Carmen Hernández
Montalbán ha escrito un libro ambicioso y sencillo. Sencillo porque las páginas
de La luz del fin de la tierra nos
hablan de asuntos cotidianos, acontecimientos humildes y comunes, esos que de
tanto mirarlos se nos van volviendo lamentablemente invisibles, como si no
existieran, como si su presencia fuera la de un mineral anónimo, siempre
delante de los ojos, siempre enmudecidos o callados; y así nos vamos tropezando
en medio de una plaza con la lata de un mendigo cuyo “peso liviano / es la
paradoja de aquellos que no pueden sostenerse” (en “La lata del mendigo”, p.
30); o con el calendario que nos trae el brillante perfume de una mujer-anuncio
que, “perfumada de glamour, fingió ante el mundo / su imagen de fragilidad y
desamparo (en “Chanel nº 5”, p. 48).
Pero también nos
tropezamos en los poemas de Carmen Hernández con el tiempo minúsculo, con los instantes
más imperceptibles o más nimios de un día cualquiera, un día de tantos, esos días
y momentos que cruzan nuestra vida de manera insistente y que muchas veces
dejamos pudrirse para seguir chapoteando en el barro de las torpes urgencias
altaneras del mundo: por ejemplo, el atardecer contemplado felizmente desde una
ventana hasta comprobar que “la tarde, en la infinitud del tiempo, / es un
fósil que nos recuerda que la luz perdura” (en “Atardecer”, p. 46); o, también,
esa tierra sedienta del Cabo de Gata
donde “el viento agazapado se desliza, silbando la serenata del origen” (en
“Cabo de Gata”, p. 58).
Y todo ello con un
lenguaje que fluye sin alharacas, un lenguaje cuidado y común, un lenguaje sin estridencias,
frases tranquilas y pensadas, donde la autora sagazmente se permite en
ocasiones recuperar palabras en desuso, palabras que remiten a sensaciones u
objetos olvidados, palabras que fueron comunes y ahora están en olvido, como
algunos de los temas o asuntos en lo que se detiene su mirada poética y a los
que ya nos hemos referido. “Guardo en mi faltriquera
tu risa”, leemos en “El amigo” (p. 64); o “mi alma corcovea / ante el vértigo de las vivencias”, en “Caída libre” (p.

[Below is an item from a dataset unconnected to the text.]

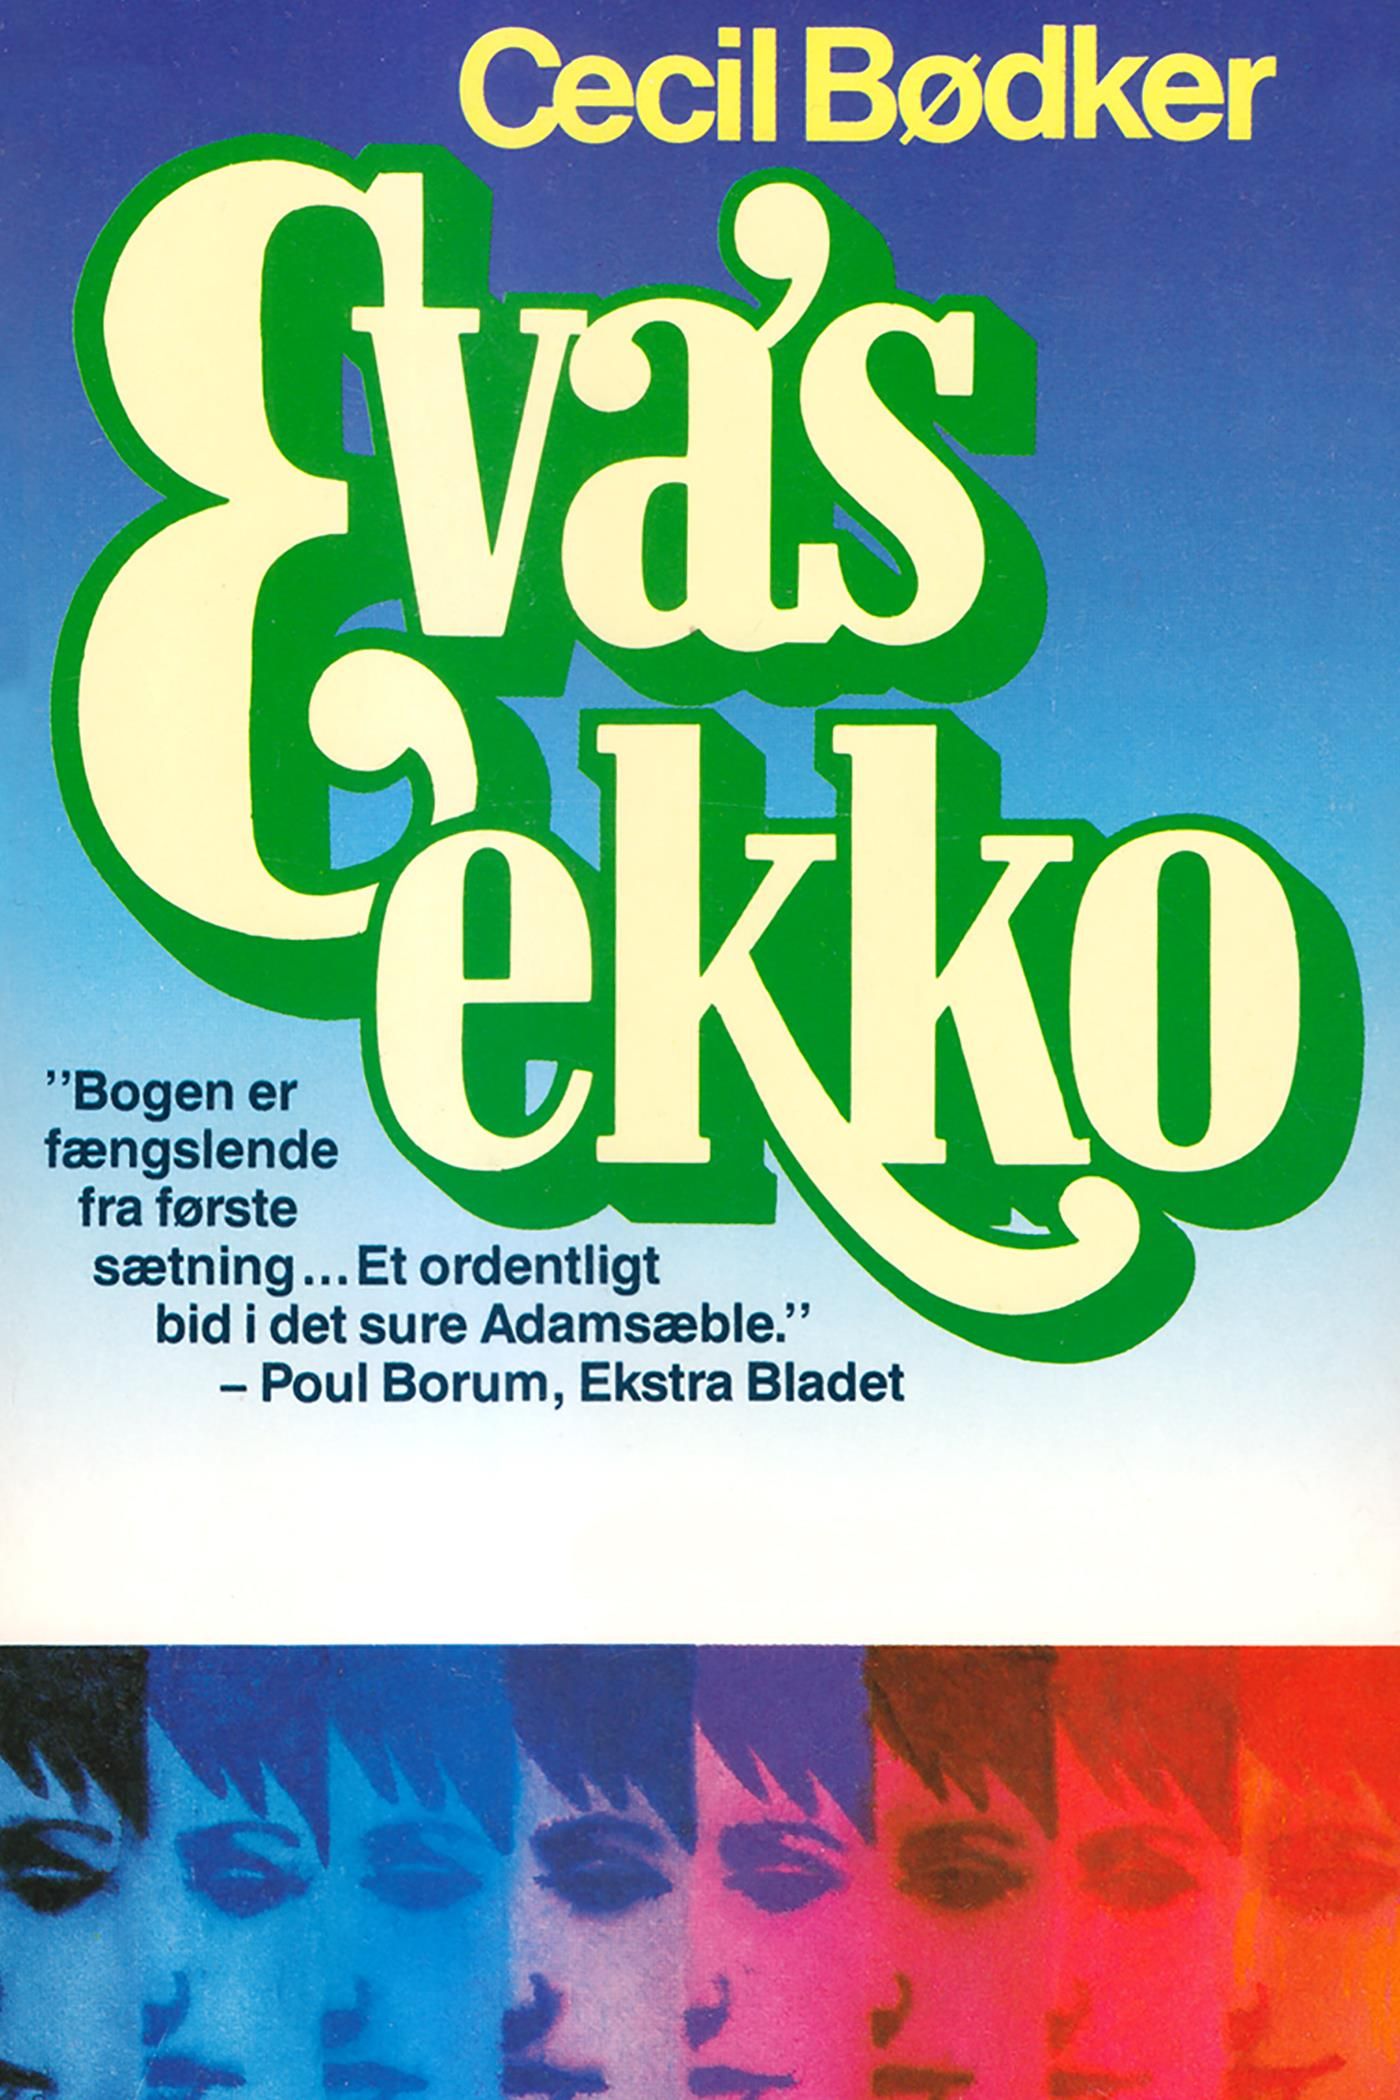 Eva's ekko, eBook by Cecil Bødker

65). Lenguaje también desinhibido que, sin apartarse demasiado de la sabiduría
de nuestras tradiciones métricas o discursivas, se permite jugar con
inesperadas asonancias en apariencia casuales o irregulares que despertarán en
la conciencia lírica de los lectores el aroma de la poesía popular, pensemos (por
ejemplo) en el romancero: “luego están las palabras / que componen los versos,
/ que corren armoniosas, / en las venas del tiempo, / palabras donde el alma /
entreteje los velos / de una clara certeza / y que siguen latiendo”
(“Sinestesia”, p. 43).
Pero La luz del fin de la tierra no es sólo
un libro cuidado y sencillo. Es, también, un libro ambicioso. Su autora, Carmen
Hernández Montalbán, ha recogido en sus páginas la historia del mundo, es decir
la historia de lo que nos rodeaba antes, la historia de lo que nos rodea ahora.
Tal vez por eso el primer poema nos hable de los muertos: “los abrazó la tierra
en su cálido regazo, / y una brisa joven arrastró la quimera / de sus ojos” (en
“La hojarasca”, p. 19). El silencio y la desdicha de los que nos antecedieron están presentes
en los caminos de nuestro pensamiento, en los pliegues de nuestro corazón. Su
silencio o su soledad es la nuestra. Su historia es la historia del mundo. Y
Carmen Hernández lo sabe y nos lo dice: “Lo que escapa sin retorno / cabe en un
parpadeo, / en un bostezo fugaz que no admite mímesis” (en “El viajero”, p.
47). De esa voluntad (consciente o inconsciente) de crónica general y personal quizás
proceda la pluralidad temática y discursiva de estas páginas, donde encontramos
visiones impresionista del paisaje (en “Aromas perfectos”, p. 56), vibraciones
sensuales o eróticas (en “Comí chocolate”, p. 59; o en “Jinete del aire”, p.
62), testimonios de la codicia o la miseria (en “El desdén de la codicia”, p.
31; o en “La lata del mendigo”, p. 30), denuncias de los abusos del poder (en
“Ellos deciden por nosotros”, p. 28), alegatos en favor de la libertad de las
mujeres (en “Grito de mujer”, p. 39), experiencias de la soledad (en “La
espera”, p. 41) o vibrantes exhortaciones vitalistas (en “No temas la marea”, p.
40; o en “Escucha la voz”, p. 63).
La historia del mundo
está en cada uno de nosotros. Pero no siempre somos conscientes de su presencia.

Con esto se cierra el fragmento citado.